The Post-Divorce-Parenting Glossary

Divorced-Parenting Term

Child Support

What is child support?

In family law, child support payments (or child maintenance), are payments made by a parent (typically the non-custodial parent) that are court ordered and paid to the custodial parentThe purpose of child support is to provide financial support for a child following the dissolution of a marriage or other relationship, where children are involved.  The child support guidelines that must be followed, will be provided within a separation agreement or divorce decree

Who is awarded child support?

Child support is typically paid to the parent who has been awarded the greater amount of custodial time (i.e. the custodial parent) with the child. Child support laws are based on the idea that raising a child is both a time commitment and a financial commitment for both parents. Nonetheless, simply having a greater amount of custodial time does not automatically translate to being awarded child support. Family courts might consider a host of other factors, including the gross income of both parents, expenses of each household, and the amount of custodial time with the children when determining child support.  The method used to calculate child support depends on the state or jurisdiction where the child custody case is filed.

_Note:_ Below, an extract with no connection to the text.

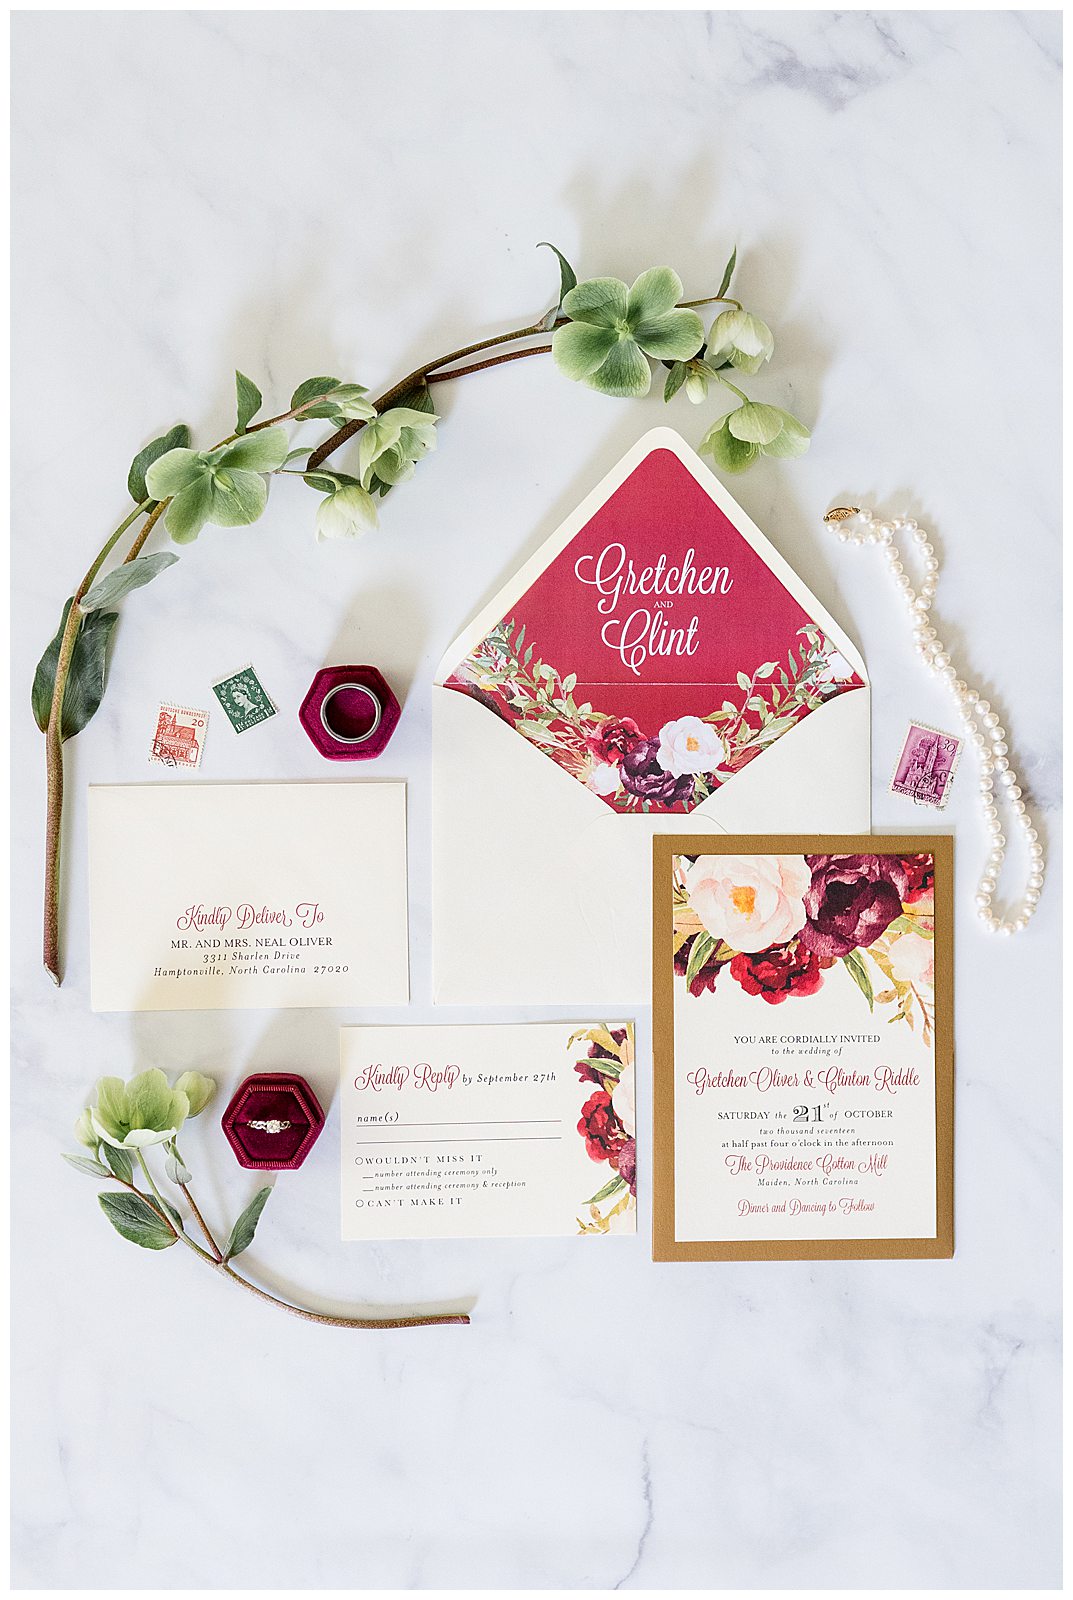 wedding invitation suite by Anna Howe Design, photographed by Jenn Eddine Photography, Inc.

Financial support is fundamental to the development of a child. These payments allow the parent to give the child educational opportunities and basic items that the child needs. Unfortunately, child support is the most litigated aspect of divorce cases. This is because the majority of issues in a divorce case find resolution through the divorce decree; however, issues with child support can continue for years after the divorce is finalized, largely due to the changing situations with the children and both parents.

How is child support calculated?

Child support calculations vary from state-to-state in the United States.  In other countries, child support laws may be more standardized.

Because each state has its own unique laws and guidelines concerning how child support is to be calculated, United States child support calculations can be overly complex. Each state has a formula (or model) used to determine how much child support a noncustodial parent is required to pay.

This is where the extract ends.